*** Data below ***
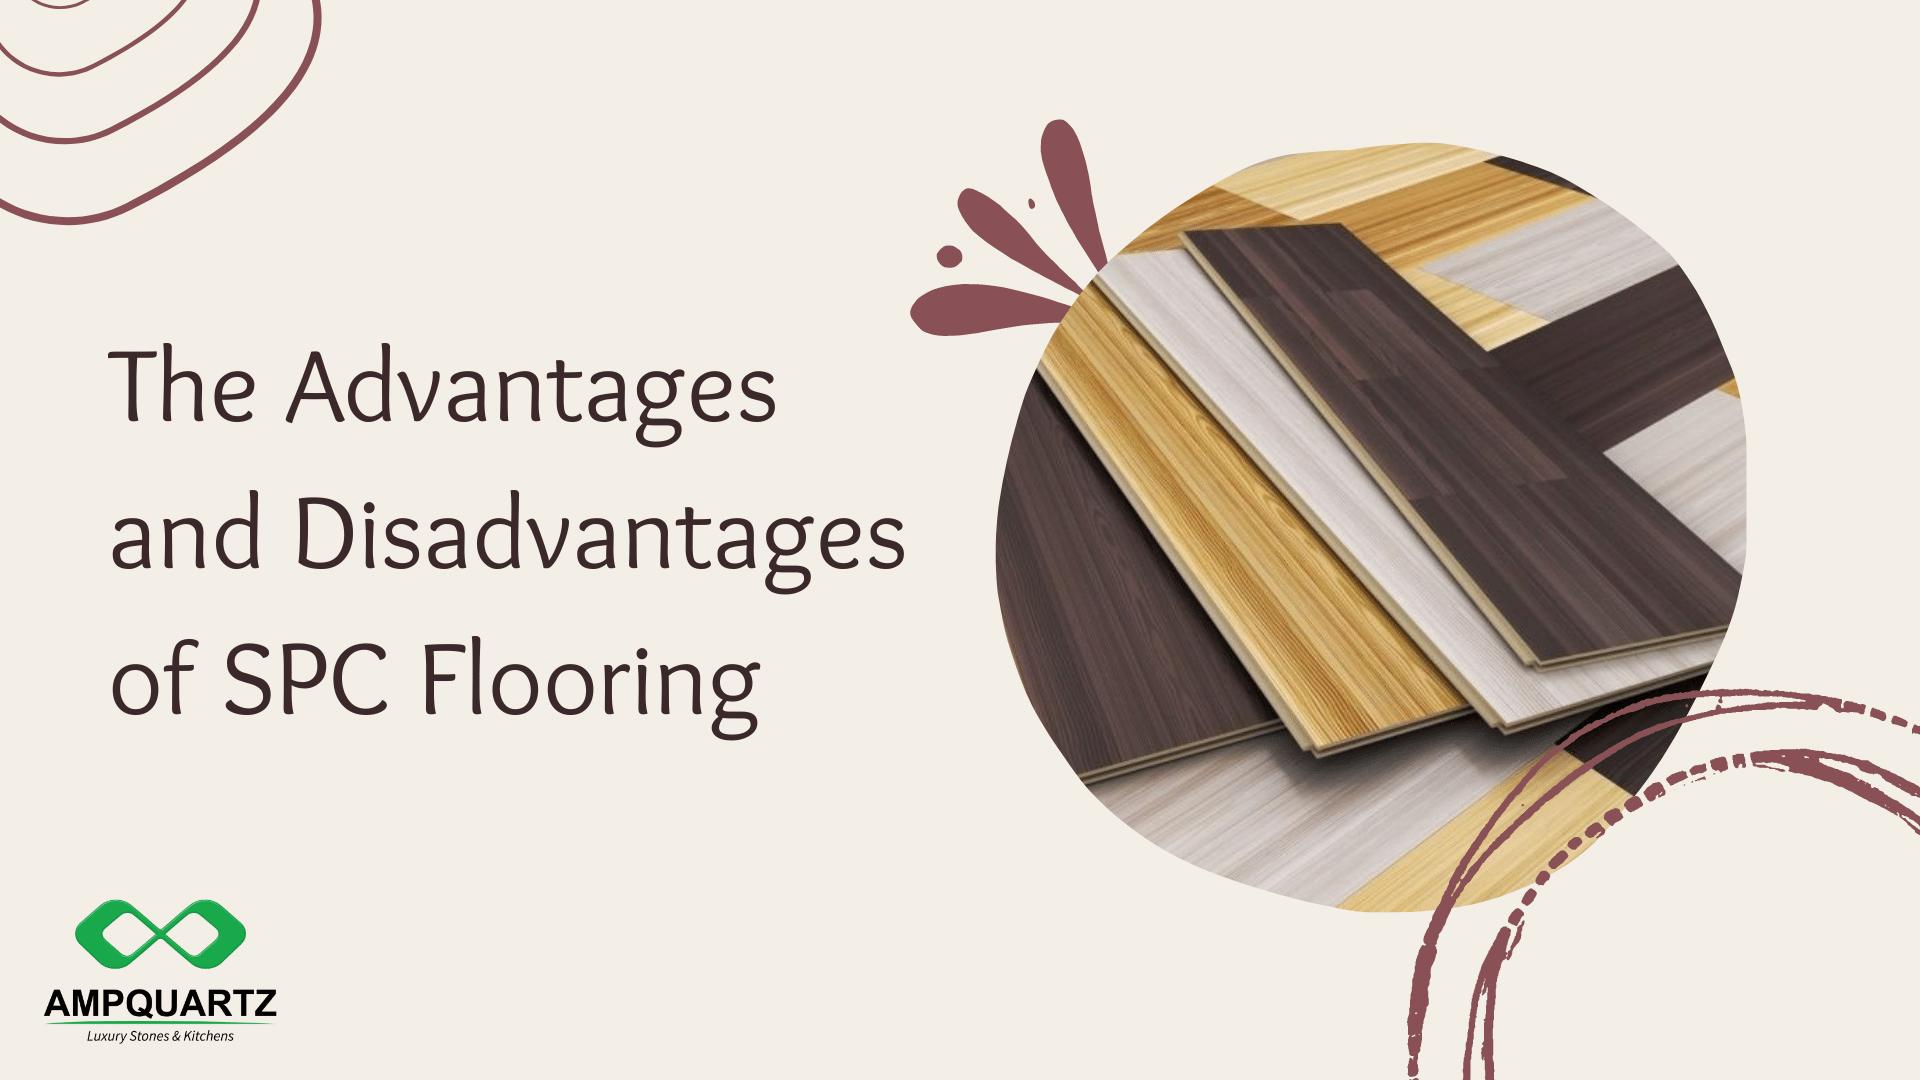 spc flooring, The Advantages and Disadvantages of SPC Flooring
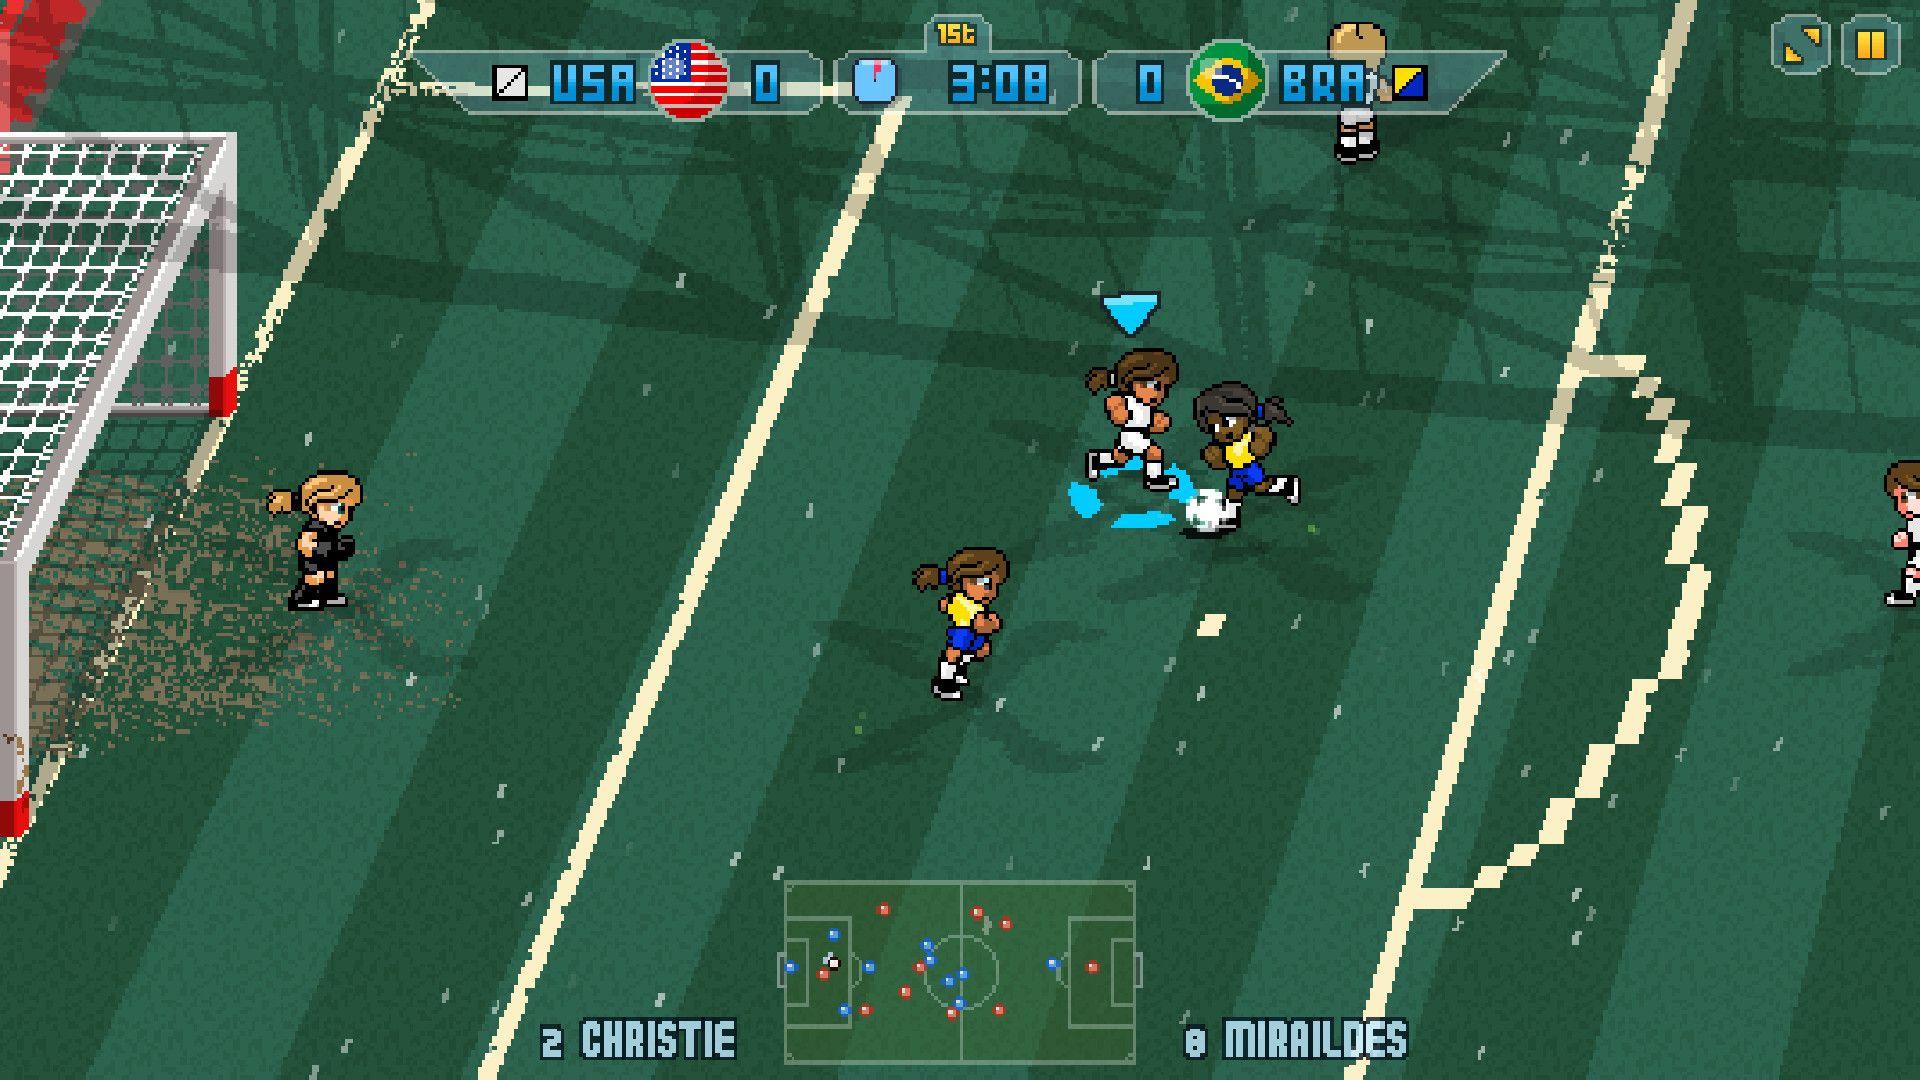 pixel-cup-soccer-17-screenshot-01
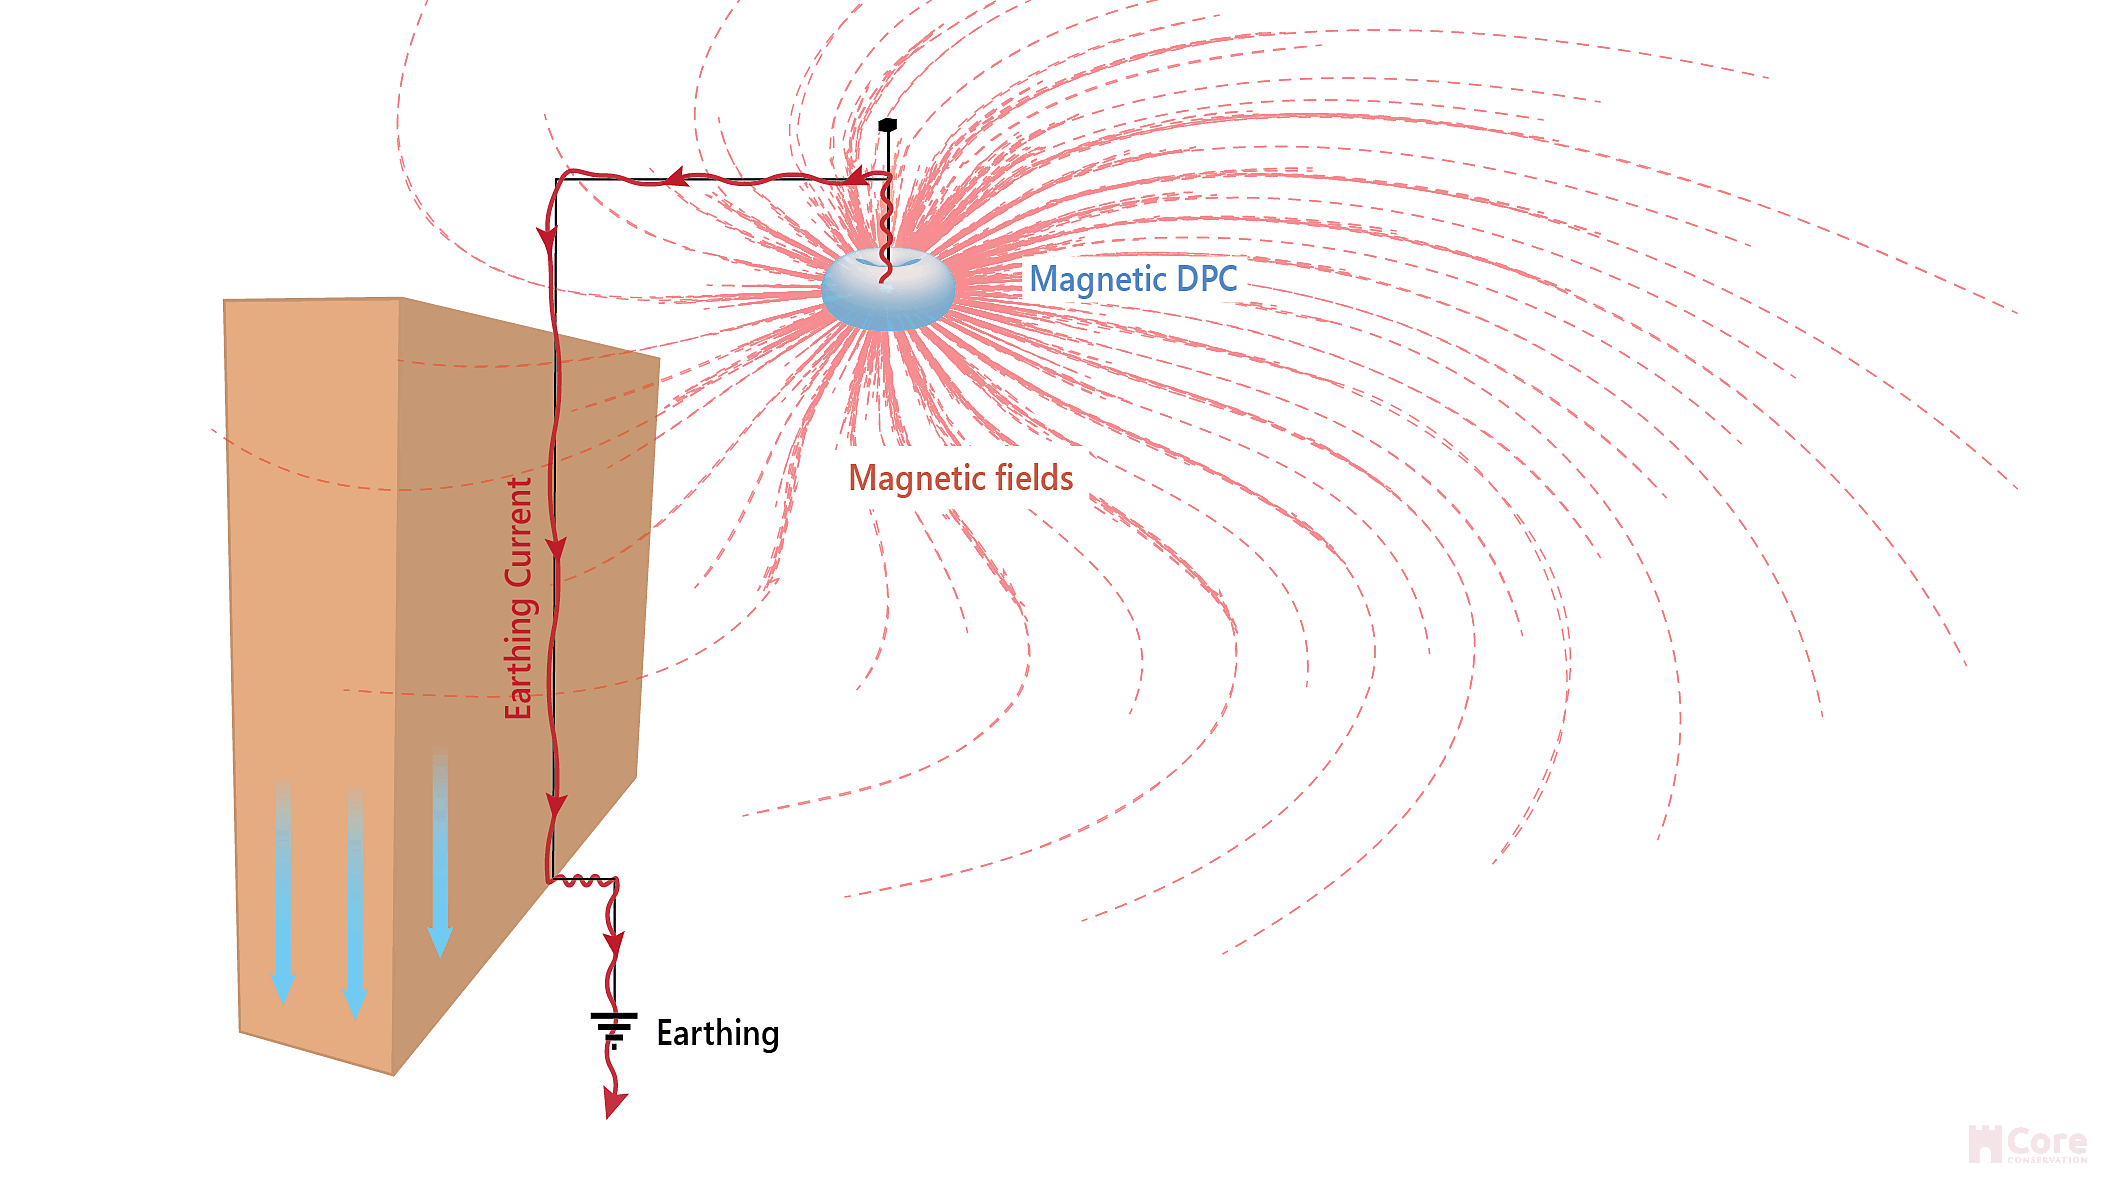 Magnetic DPC
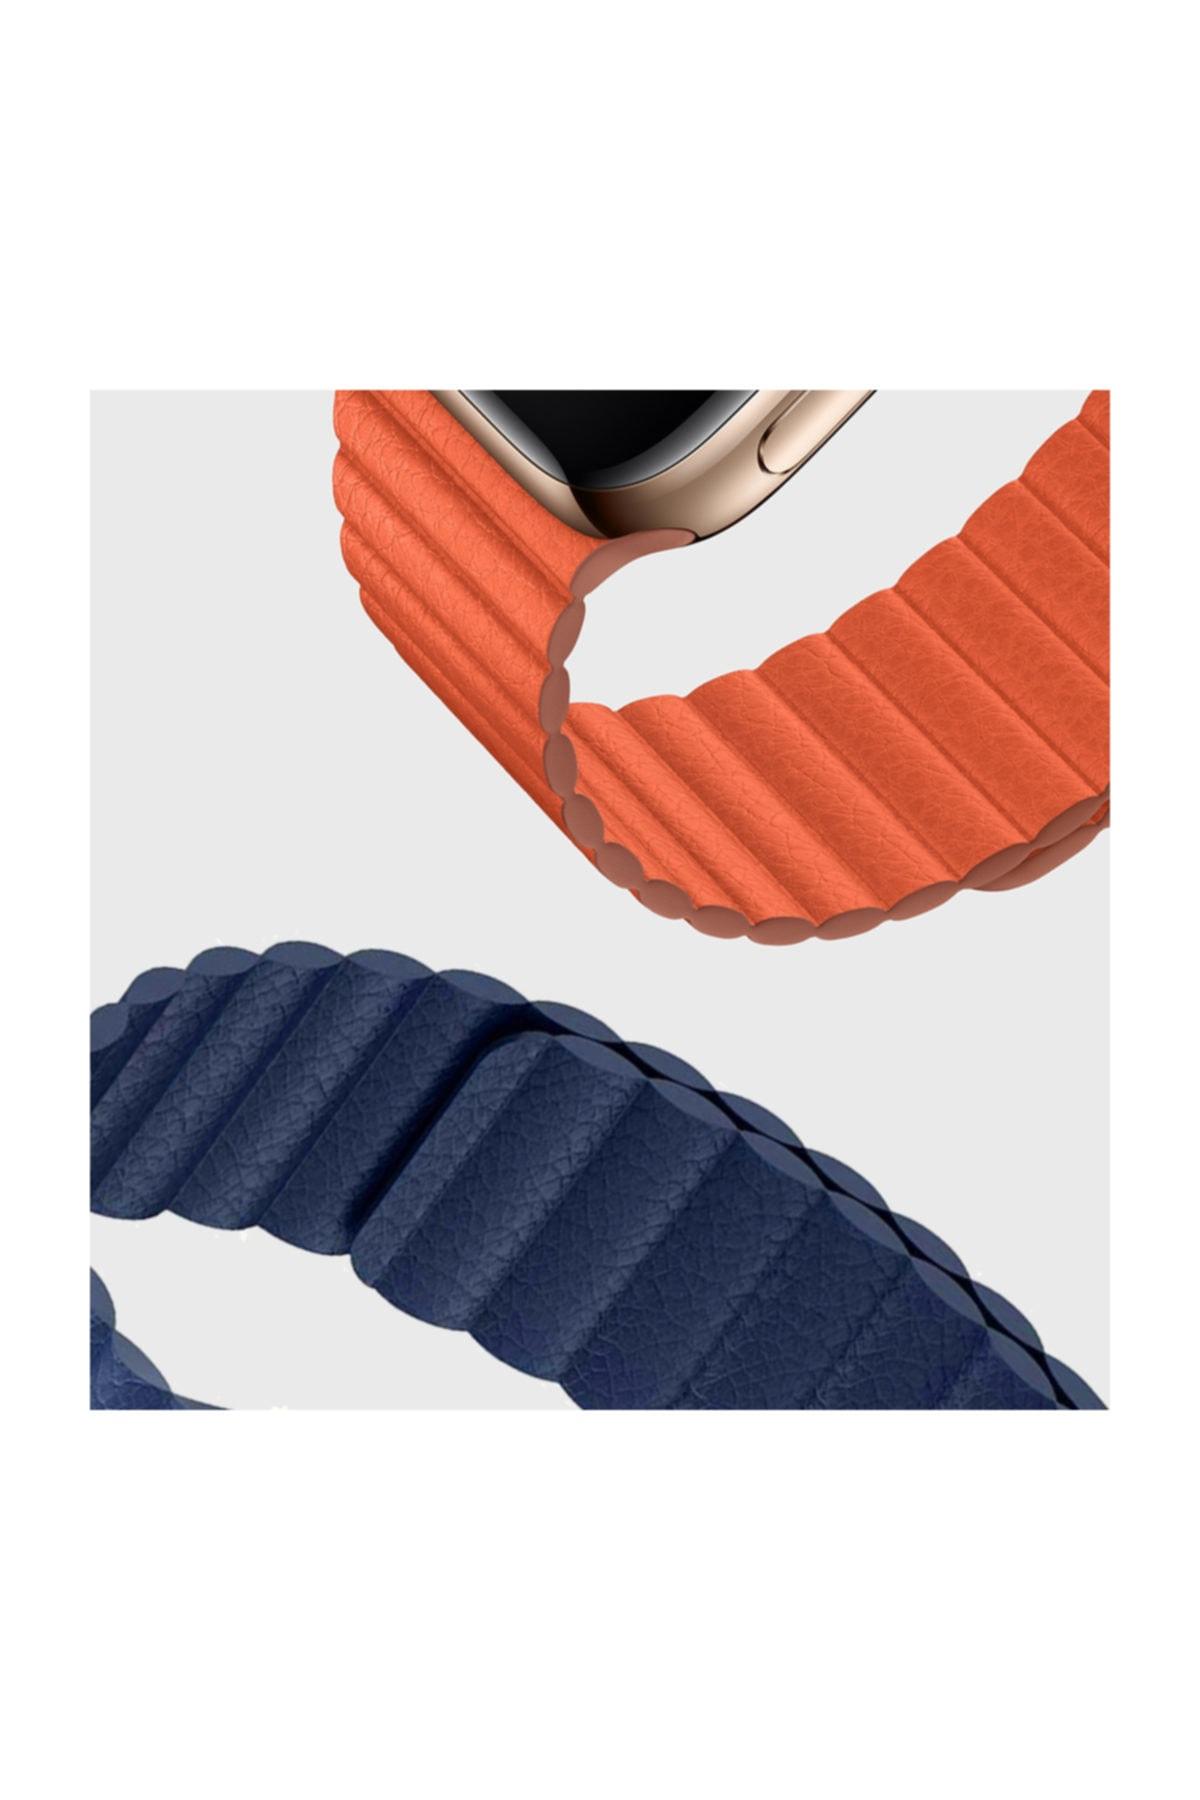 Telefon Aksesuarları Watch Series 5 44mm Twist Leather Loop Kordon, Microsonic Lacivert 1
*** End of Data below ***
▸ **What you need to do**: Print out all the material above exactly as it appears, omitting the images.

▸ **Solution for this task**:
 spc flooring, The Advantages and Disadvantages of SPC Flooring
 pixel-cup-soccer-17-screenshot-01
 Magnetic DPC
 Telefon Aksesuarları Watch Series 5 44mm Twist Leather Loop Kordon, Microsonic Lacivert 1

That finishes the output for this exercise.